Studies in Spermatogenesis (Part 1 of 2) - N. M. Stevens

The element x is, of course, present in only one-half of these nuclei. In the equatorial plate, figure 142, it is absent; in figure 143 it is present, but can not be distinguished from the other chromosomes, while in figure 144 it is rendered conspicuous by its spherical form and isolated position. In only a few cases has it been possible to distinguish x in the spindle. Figures 146 and 147 show two of these cases where this element is clearly double and of different form from the other chromosomes. It is probable that it divides and so goes into one-half of all of the spermatids, as in McClung's typical cases of the accessory chromosome. Figure 145 shows the usual appearance of the other chromosomes in metaphase. The two spermatids of a pair are always alike so far as any evidence of the presence of the element x is concerned (fig. 148). Figure 149 is an exceptional case, where one chromatin element (possibly x) has evidently divided late and been left out in the cytoplasm; a smaller chromatin granule is also present in the cytoplasm of each spermatid. All of the spermatids, as in Stenopelmatus, develop a deeply-staining body, which, however, in this case is usually centrally located and often appears double (figs. 150-152).
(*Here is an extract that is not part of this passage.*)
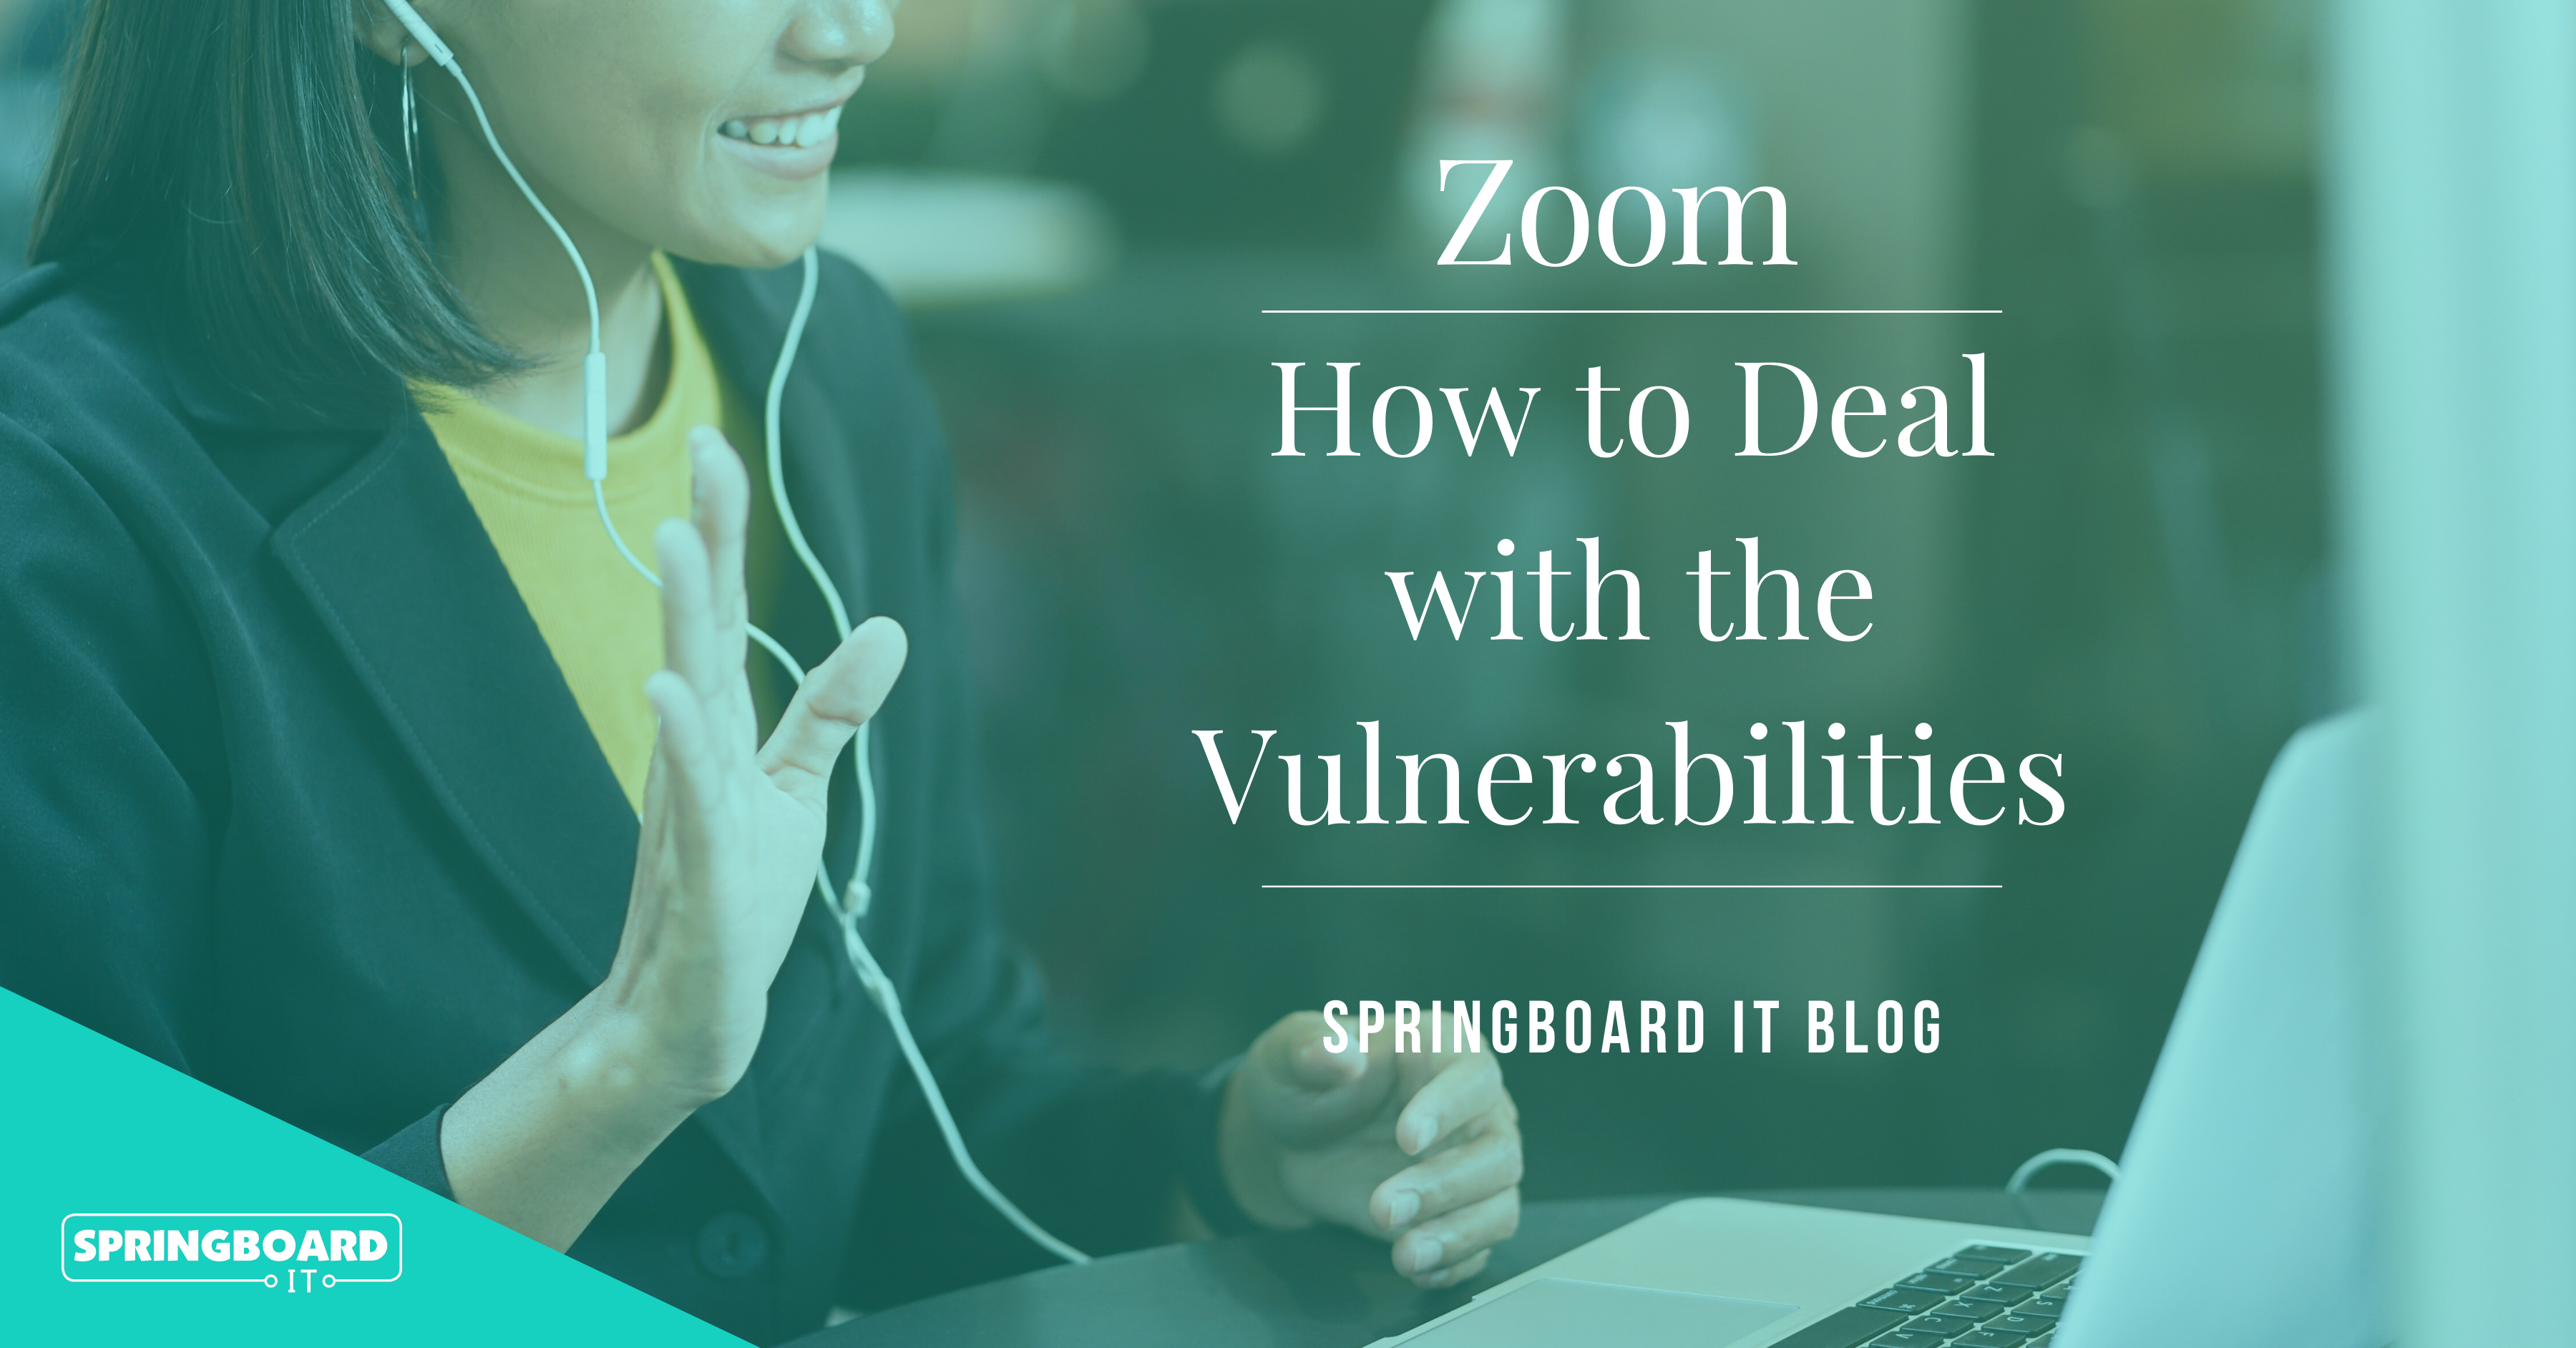 Zoom: How to Deal with the Vulnerabilities
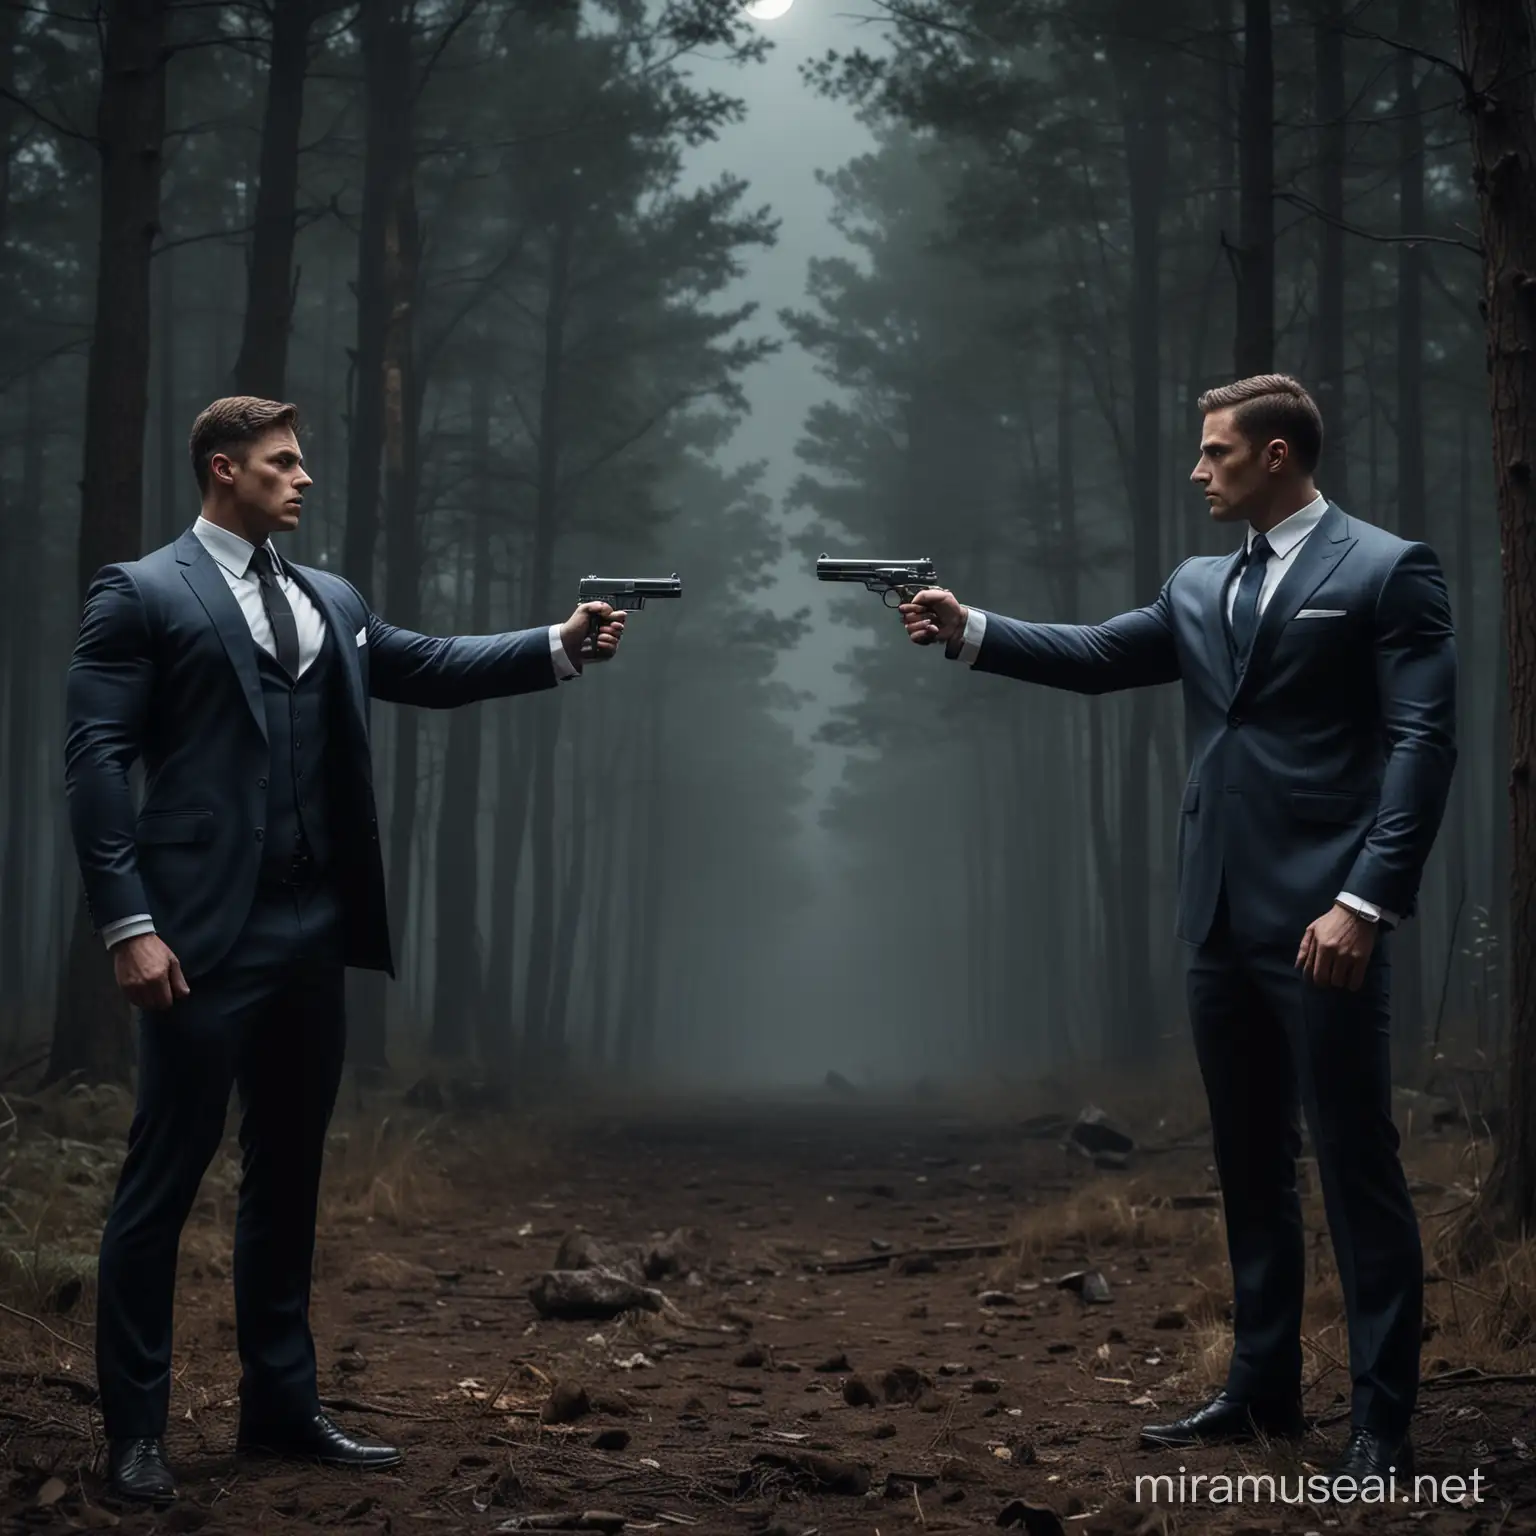 2 bulked muscular man dressed in a suits pointing a guns at one another,  The background  is of a dark forest during midnight with only moonlight shining over the scene

The spindle-remains (Spindelreste) forms a very conspicuous body at one side of the nucleus in the spermatids, and occasionally a mass of chromatin, probably due to imperfect mitosis, is found near the spindle-substance (fig. 150). The mass of spindle-substance at first appears structureless, but soon assumes the condition shown in figures 150 to 152. In one individual many of the spermatids had two balls of spindle-material (fig. 152), and the resulting later stages were double-tailed (fig. 153). Figure 156 shows how the spindle-substance goes into the tail and gradually disappears as the tail lengthens.

The centrosome is evidently applied to the nuclear membrane, as in Stenopelmatus, and the middle-piece is developed in connection with it, as in figures 156-157, 154-155, 158-160. The element x of the spermatids gradually disappears (figs. 150, 159). An acrosome develops at the anterior end, the head condenses and lengthens, and we have the ripe spermatozoön (fig. 161). The tail is very long and is shown only in part.

Of the forms studied, Blattella alone has many degenerate spermatozoa. Some follicles have none, others a number varying perhaps from one-fourth to three-fourths of the whole number. No evidence of degeneracy was detected among the young spermatids up to the stage shown in figures 154-155, where a few like figure 162 were found. Most of the degenerate forms occur among the nearly ripe spermatozoa or in the sperm-ducts. Such are shown in figures 163 to 168. The chromatin is strangely broken up into irregular clumps, and probably no two of these degenerate sperm-heads can be found which are alike. The tails are always imperfect. The distribution and varying numbers of these degenerate spermatozoa make it impossible to interpret their condition as due to the absence of the accessory chromosome, as Miss Wallace does in the spider. The only probable explanation, it seems to me, is imperfect mitosis. Cases where more or less chromatin is left behind in the cytoplasm, especially in the first spermatocyte mitosis, are very common, and such cases as those shown in figures 149 and 150 are not rare. The giant cells, so far as I have been able to trace them, do not develop into spermatozoa.

The most important points are:

(1) The presence of the element x in the spermatogonia, closely associated with the nucleolus.

(2) The uneven number of chromatin elements in the metaphase of spermatogonial divisions.

(3) The connection of the element x with the spireme up to the stage where the spireme segments to form the bivalent chromosomes.

(4) The varied character of the tetrads, showing the first spermatocyte division to be a reducing division in the sense that it separates whole chromosomes.

(5) The fact that the element x fails to divide in the first maturation division, does divide in the second, but can not be traced beyond the equatorial plate of the latter mitosis.